Exercise brief: Transcribe all of the data verbatim, please, and leave out its pictures.

Data block:
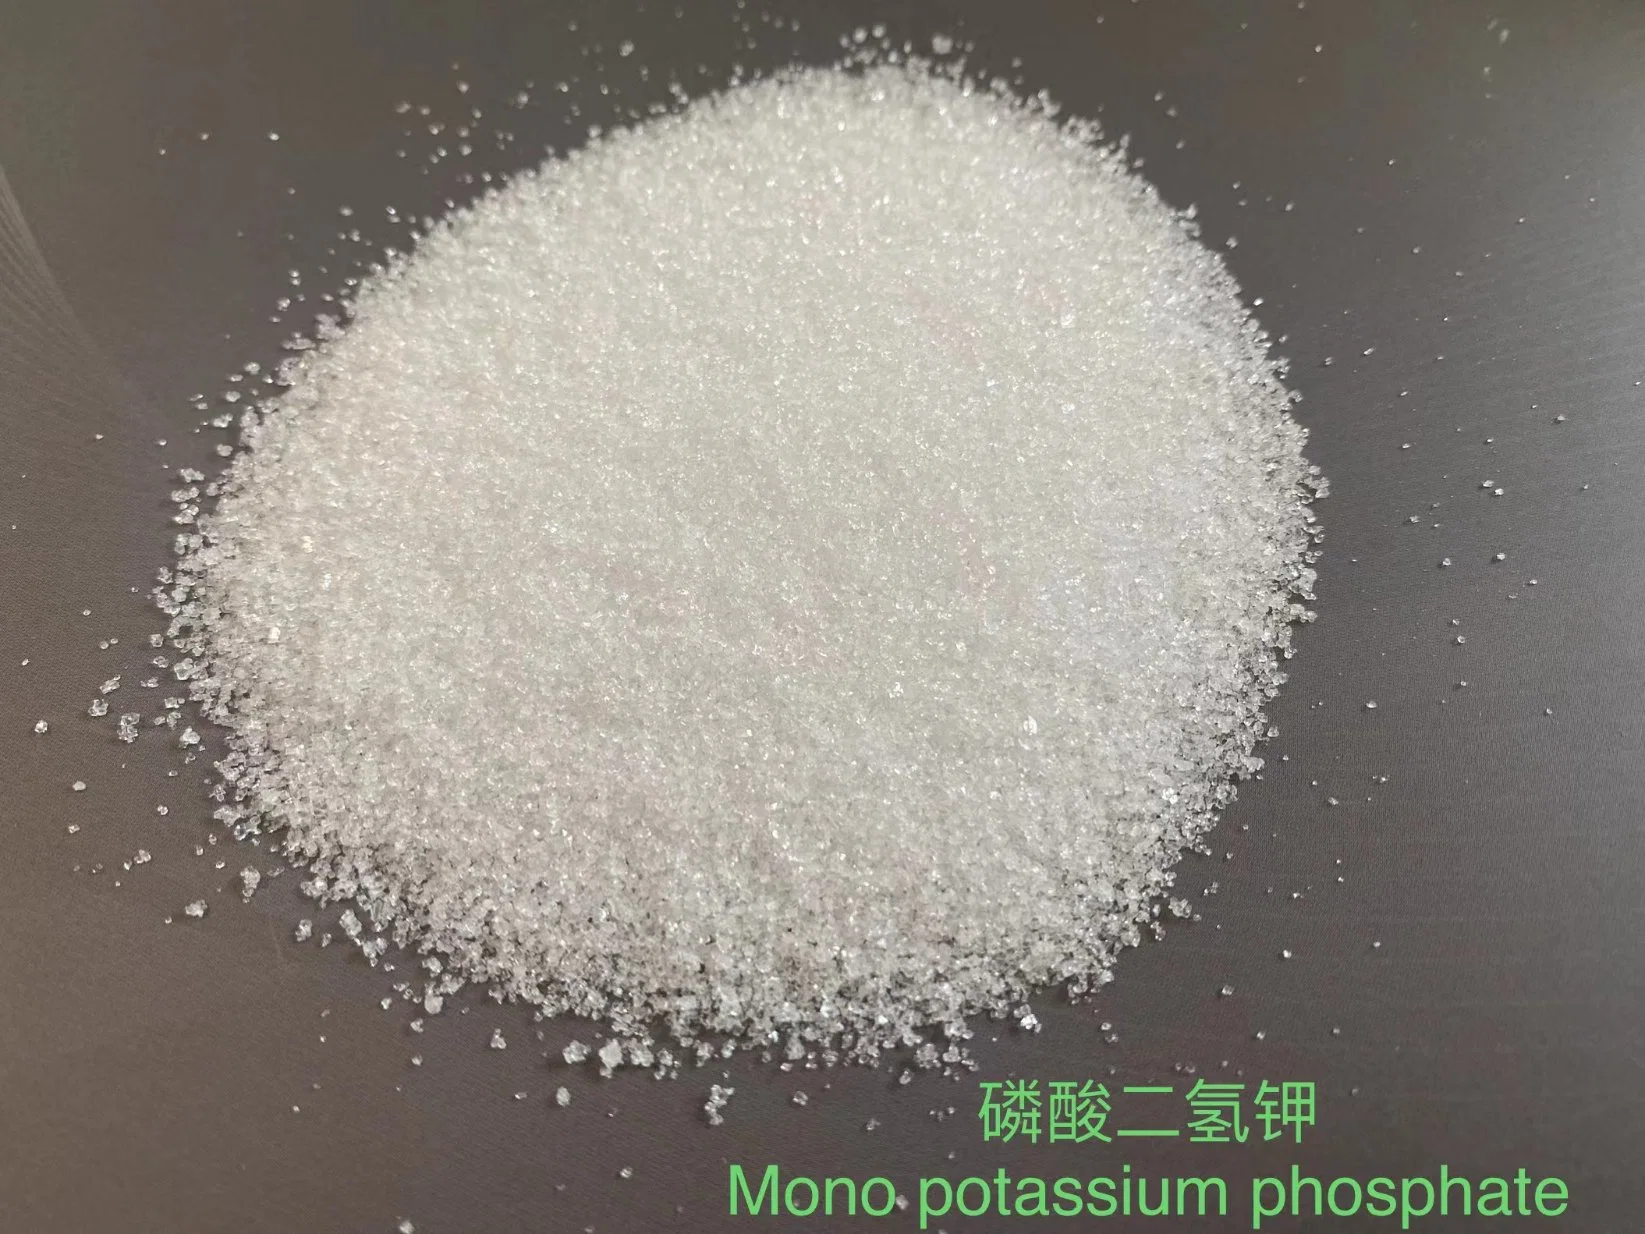 Factory Supply Agrochemical Pesticide Insecticide Amitraz CAS 33089-61-1
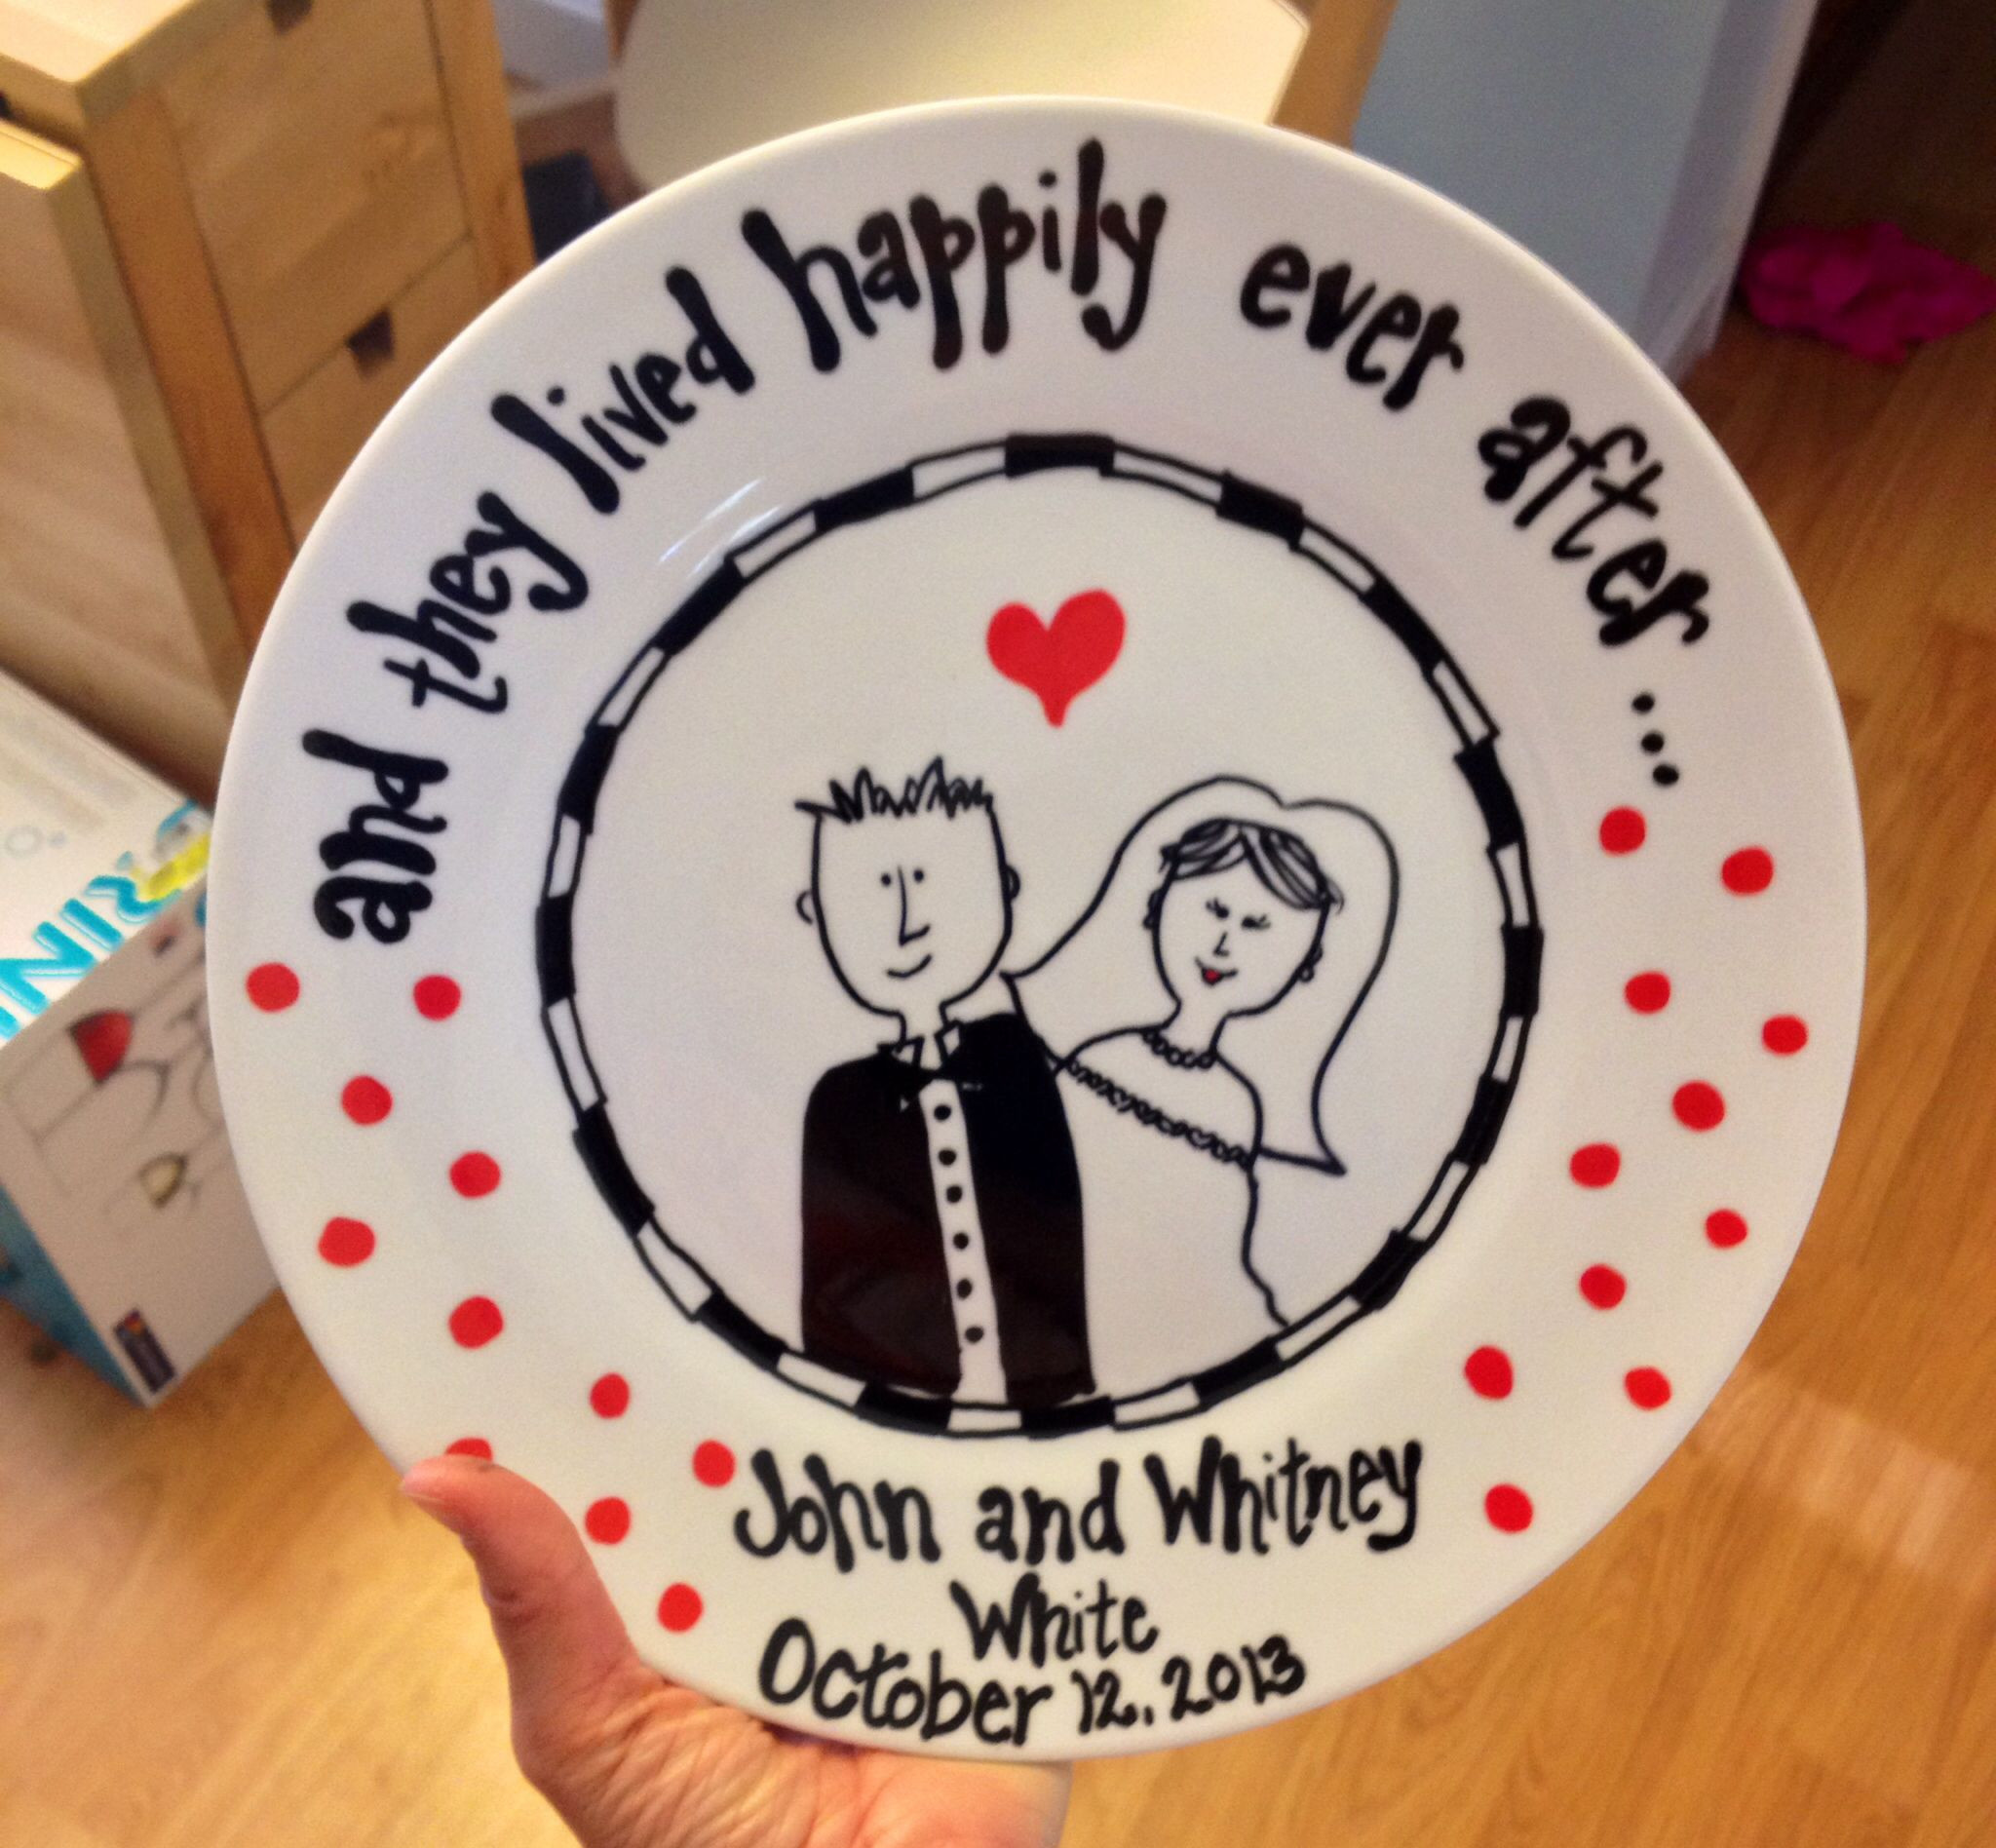 DIY Wedding Gift For Bride And Groom
 Wedding t would be cute DIY from kids

Answer to the exercise:
 Factory Supply Agrochemical Pesticide Insecticide Amitraz CAS 33089-61-1
 DIY Wedding Gift For Bride And Groom
 Wedding t would be cute DIY from kids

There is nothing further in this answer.